The Human Genome Project (HGP) was an international scientific research project with a primary goal to determine the sequence of chemical base pairs which make up DNA and to identify and map the approximately 20,000-25,000 genes of the human genome from both a physical and functional standpoint.

The project began in 1990 initially headed by James D. Watson at the U.S. National Institutes of Health. A working draft of the genome was released in 2000 and a complete one in 2003, with further analysis still being published. A parallel project was conducted outside of government by the Celera Corporation. Most of the government-sponsored sequencing was performed in universities and research centers from the United States, Canada, New Zealand and Britain. The mapping of human genes is an important step in the development of medicines and other aspects of health care.

While the objective of the Human Genome Project is to understand the genetic makeup of the human species, the project also has focused on several other nonhuman organisms such as E. coli, the fruit fly, and the laboratory mouse. It remains one of the largest single investigational projects in modern science.[citation needed]

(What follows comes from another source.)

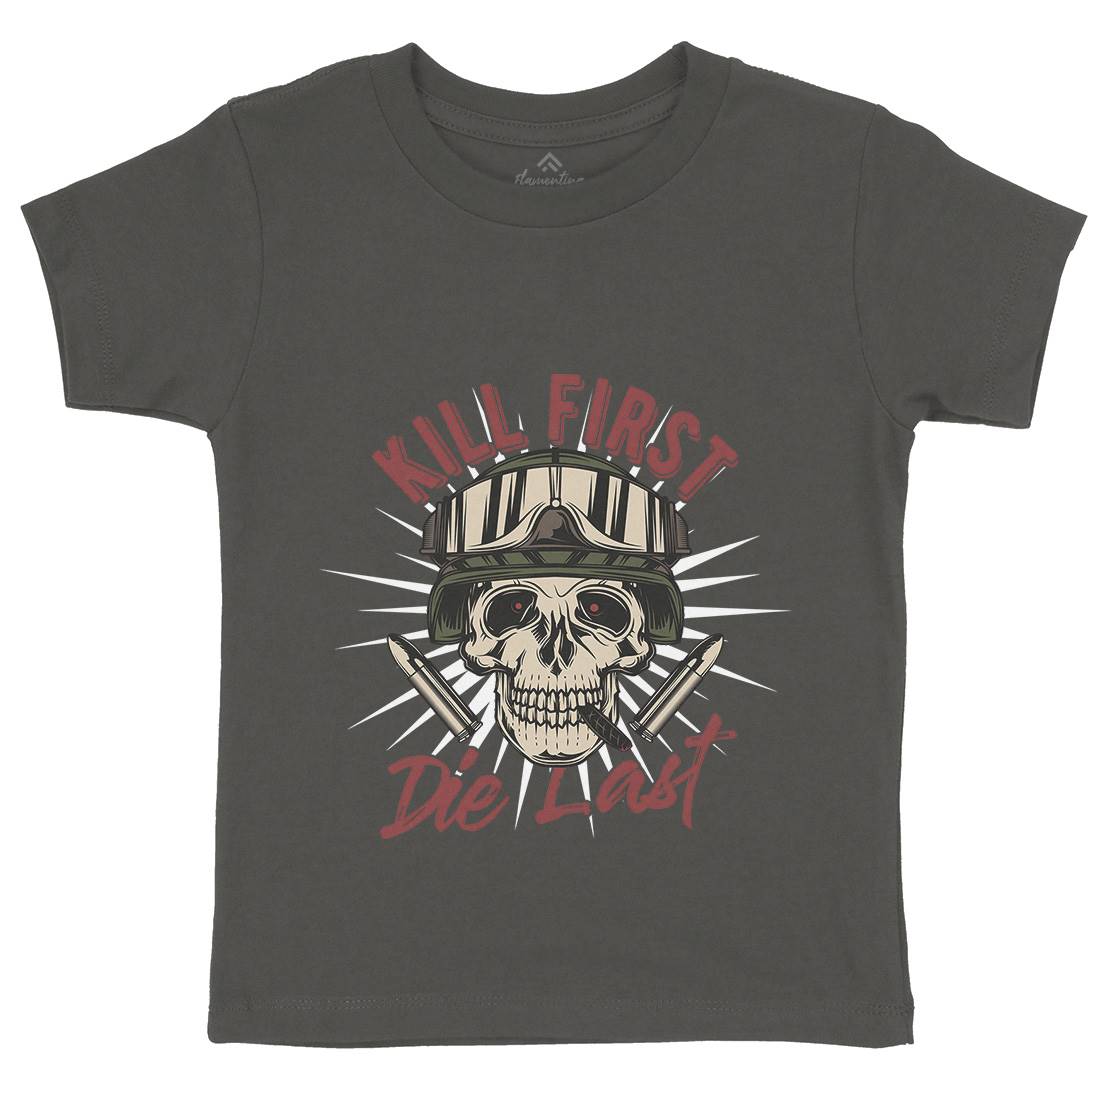 Kill First Kids Crew Neck T-Shirt Army C890
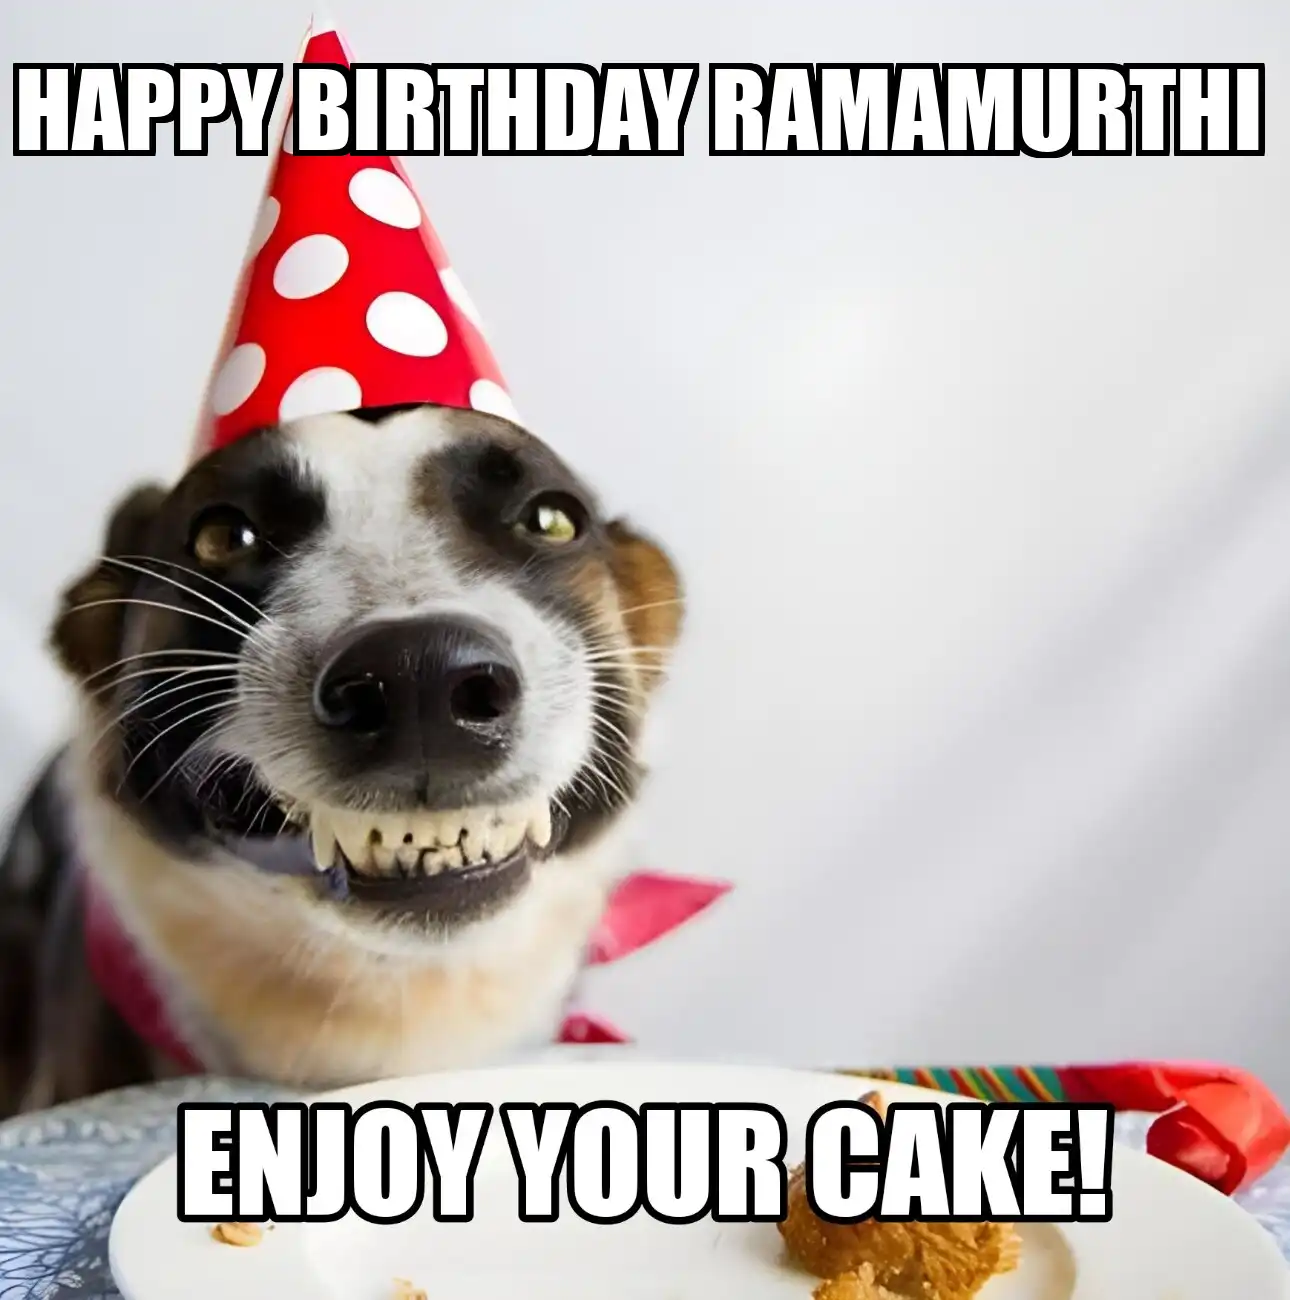 Happy Birthday Ramamurthi Enjoy Your Cake Dog Meme

The HGP originally aimed to map the nucleotides contained in a haploid reference human genome (more than three billion). Several groups have announced efforts to extend this to diploid human genomes including the International HapMap Project, Applied Biosystems, Perlegen, Illumina, JCVI, Personal Genome Project, and Roche-454.

The "genome" of any given individual (except for identical twins and cloned organisms) is unique; mapping "the human genome" involves sequencing multiple variations of each gene. The project did not study the entire DNA found in human cells; some heterochromatic areas (about 8% of the total) remain un-sequenced.